Meine Rose Op.90 n°2 (Schumann) - Lenau était-il chinois ?
Par DavidLeMarrec, samedi 19 août 2006 à :: Poésie, lied & lieder :: #366 :: rss
Matthias Goerne et Christoph Eschenbach au Carnegie Hall de New York, le 9 mars 2004.
Le poème et sa traduction suivent.
Plus quelques commentaires, qui nous amèneront incidemment sur les terres de Matthias Claudius (Der Tod und das Mädchen).
Nikolaus Lenau | Traduction DLM (littérale) |
Dem holden Lenzgeschmeide, Der Rose, meiner Freude, Die schon gebeugt und blasser Vom heißen Strahl der Sonnen, Reich' ich den Becher Wasser Aus dunklem, tiefem Bronnen. Du Rose meines Herzens ! Vom stillen Strahl des Schmerzens Bist du gebeugt und blasser ; Ich möchte dir zu Füßen, Wie dieser Blume Wasser, Still meine Seele gießen! Könnt' ich dann auch nicht sehen Dich freudig auferstehen. |
Au beau joyau du printemps, A la rose, ma joie, Qui déjà ploie et pâlit Des rayons brûlants du soleil, J'apporte une coupe d'eau D'un sombre, profond puits. Ô rose de mon coeur ! Par le silencieux trait de la douleur Tu dois ployer et pâlir ; Je voudrais à tes pieds, Comme l'eau à cette fleur, En silence verser mon âme ! Même si je ne pouvais alors plus Te voir, joyeusement, te dresser à nouveau. |
Vous aurez noté comme moi que ce poème est constitué de deux parties... La première qui expose la situation, la seconde qui propose une chute - un dénouement si vous préférez.
Certes, ici, la configuration est inverse de l'exemple précis du poème 故人西辭黃鶴樓 de Li Bai[1] : au lieu de prolonger la 'prémisse' en la poétisant, Lenau propose en exposition ce qui était le résultat chez Li Bai. On nous donne d'abord à lire un énoncé très méraphorisé, constitué de clefs qui ne sont pas déchiffrables à l'origine, puis reprend point à point le parallèle pour l'expliciter dans la seconde strophe. Schumann, pour boucler le parallèle, reprend la première strophe.

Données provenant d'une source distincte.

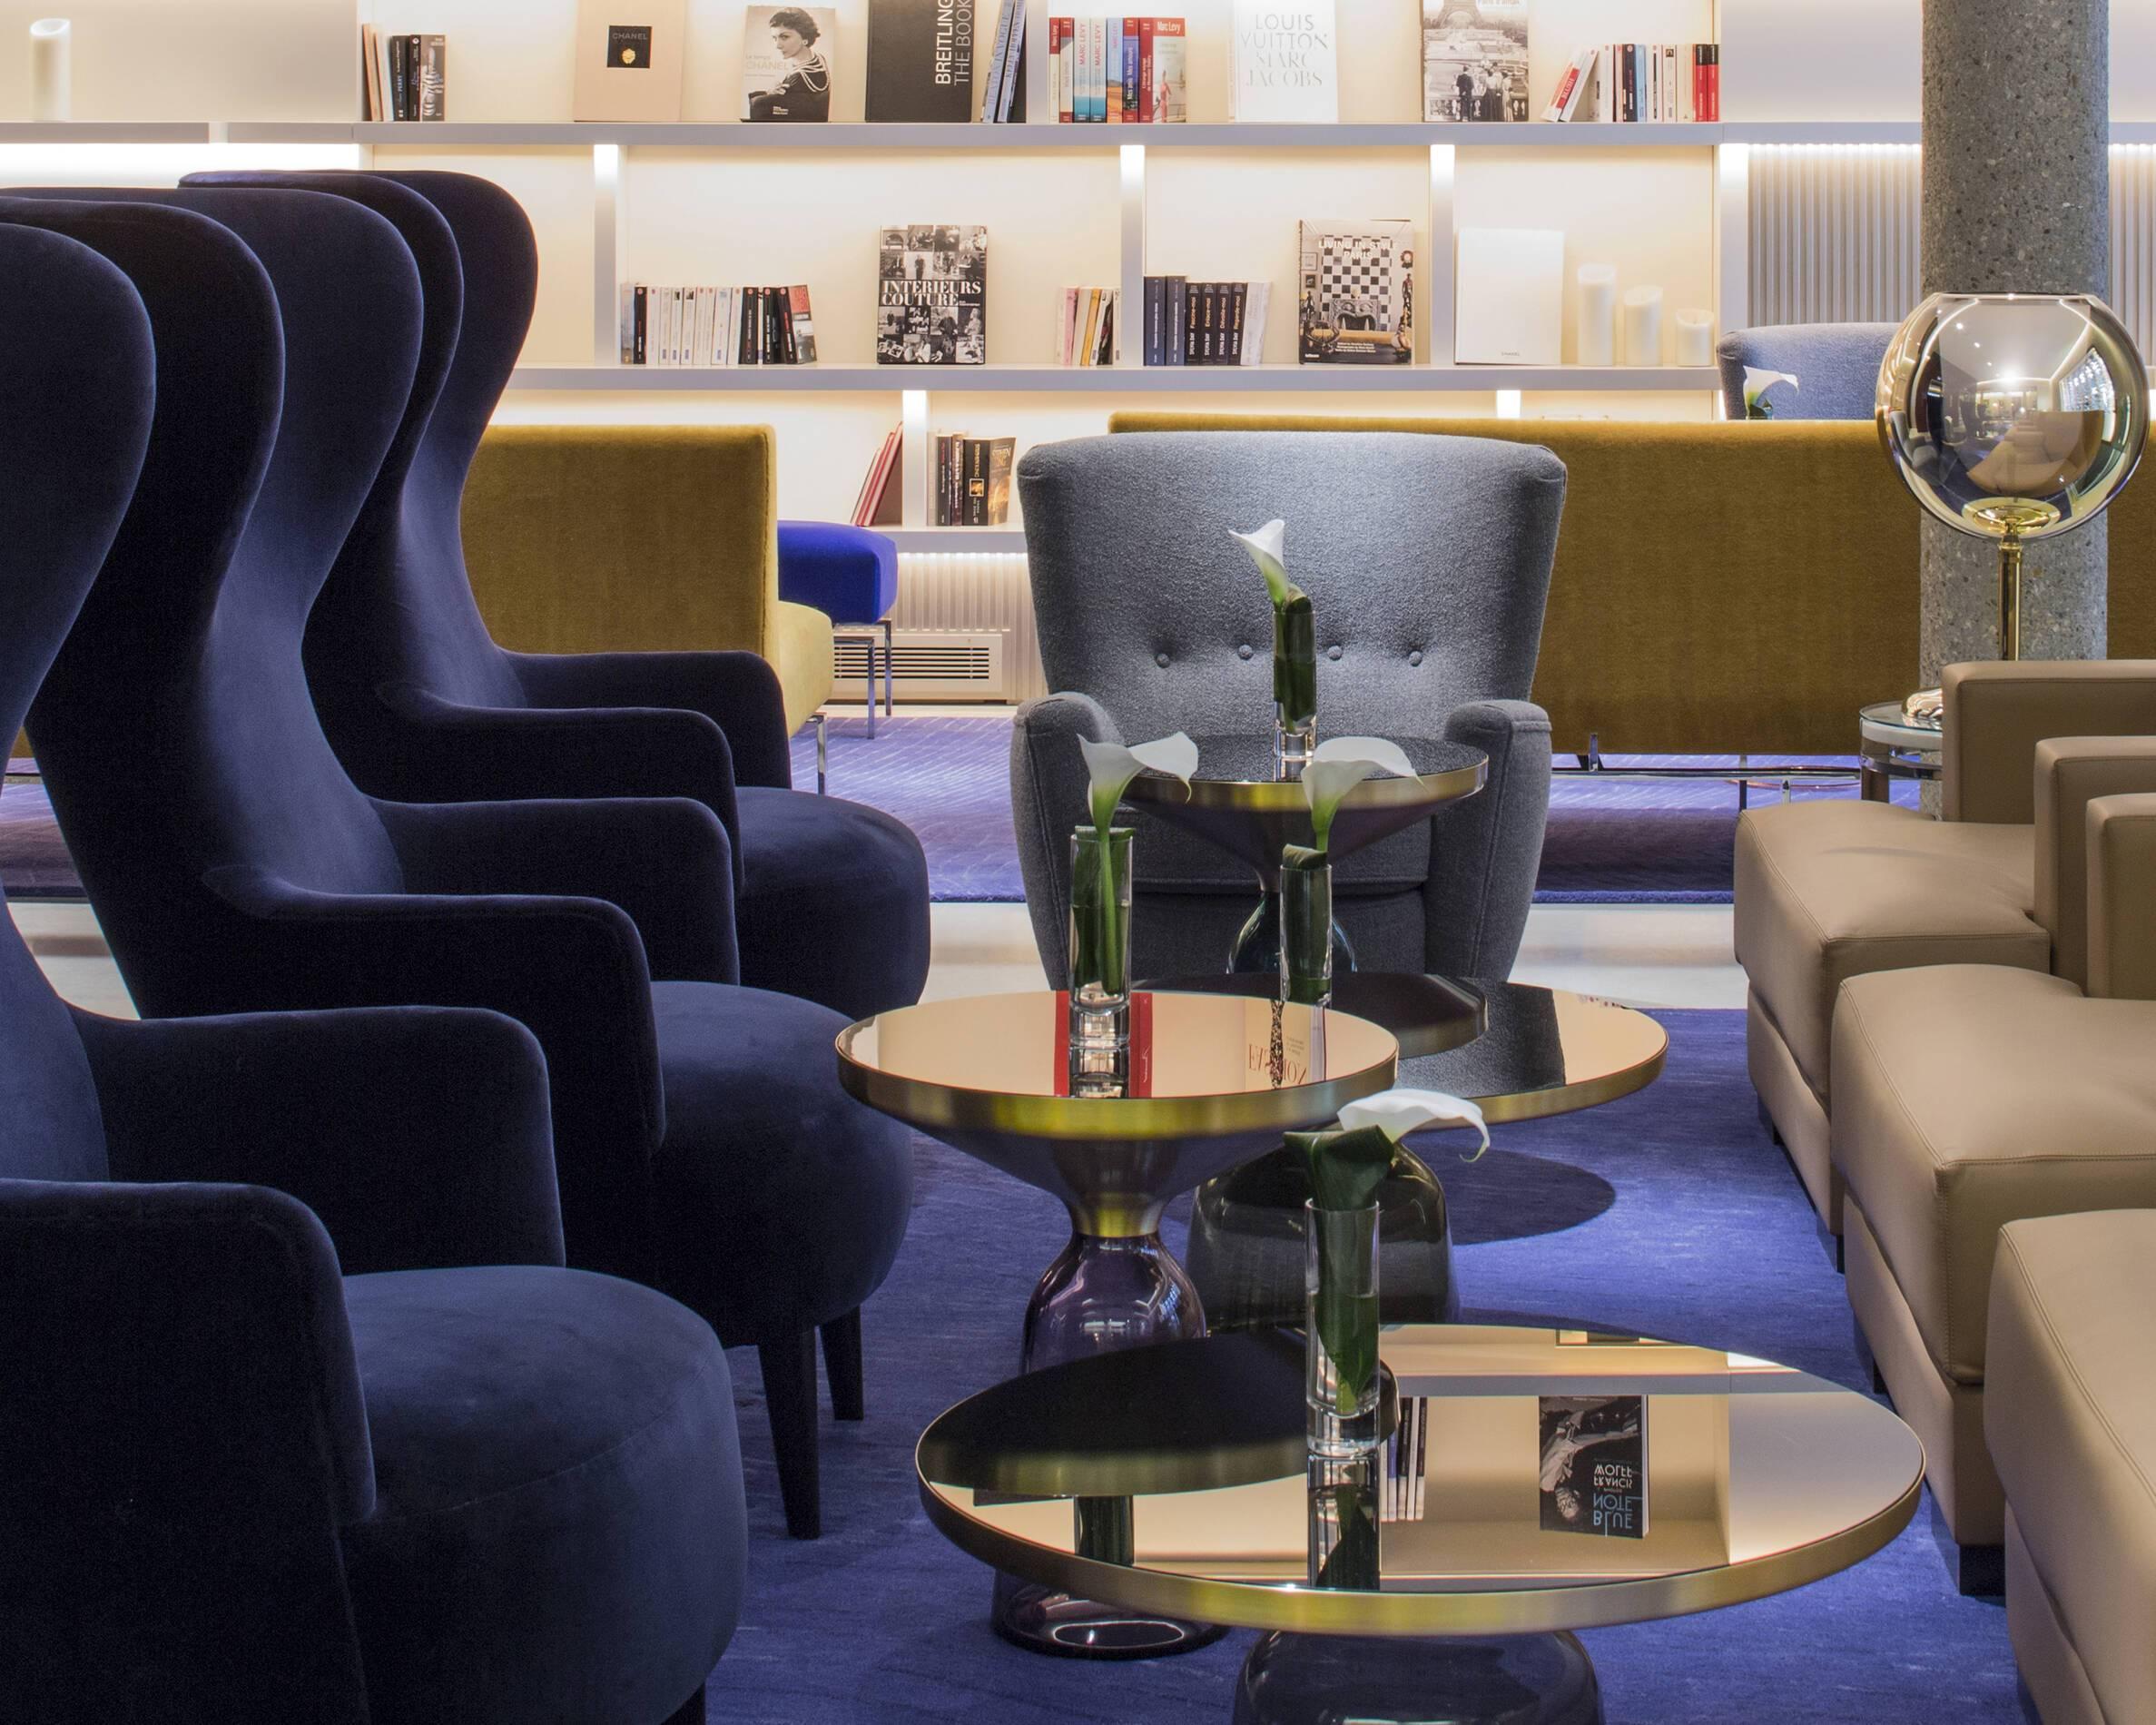 Hotel Sers salon Paris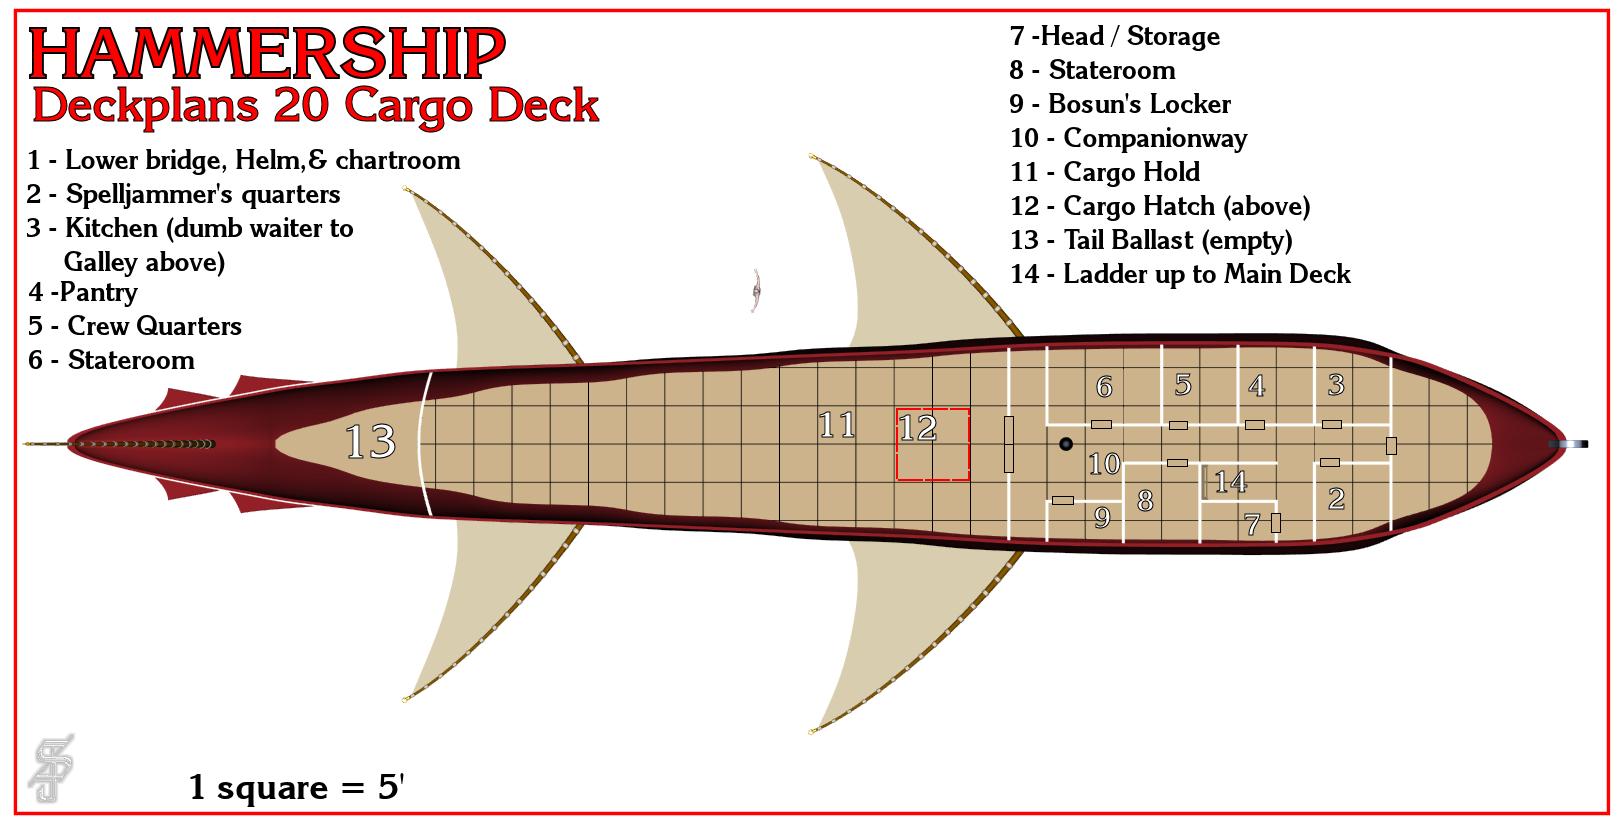 Hammership layout 20

Li Bai choisit de se servir de son exposition comme support de l'expression poétique qui clôt le poème. Lenau, lui, propose d'abord la donnée poétique (celle qui contient les métaphores), qui ne prend son sens qu'avec la 'chute' qui l'explicite.
En relisant ce poème ce soir, le parallèle m'a frappé.
Dem holden Lenzgeschmeide,Tout va pour le mieux, Lenau sait versifier, ô surprise ! Vous le voyez, des hexasyllabes réguliers, sous forme de trimètre iambique :
Der Rose, meiner Freude,
Die schon gebeugt und blasser
Vom heißen Strahl der Sonnen,
Reich' ich den Becher Wasser
Aus dunklem, tiefem Bronnen.
- + - + - + (-)
A chaque fois, vous noterez que nous avons une dernière syllabe, inaccentuée, qui n'est pas comptée. Les rimes sont présentes.
Quelques commentaires sur ces choix.
Le premier vers est tout à fait normal : on accentue le radical de l'adjectif ("holden"), puis le double radical du nom composé : Lenz ("printemps", en langue poétique), -schmeid- ("joyau").
Le cinquième, en revanche, est intéressant. Outre l'article défini qui donne ce caractère évident à la "coupe d'eau", on remarque que l'accent ne porte pas sur le verbe (reiche), pourtant central dans l'accentuation allemande. Par l'inversion, on déstabilise le cours habituel de la phrase, on souligne la subjectivité bien entendu, et surtout on prépare le déséquilibre, le manque qui mène logiquement à la seconde strophe. Le sixième vers, très régulier, lui, est d'une tonalité tout à fait sinistre et prolonge ce pressentiment.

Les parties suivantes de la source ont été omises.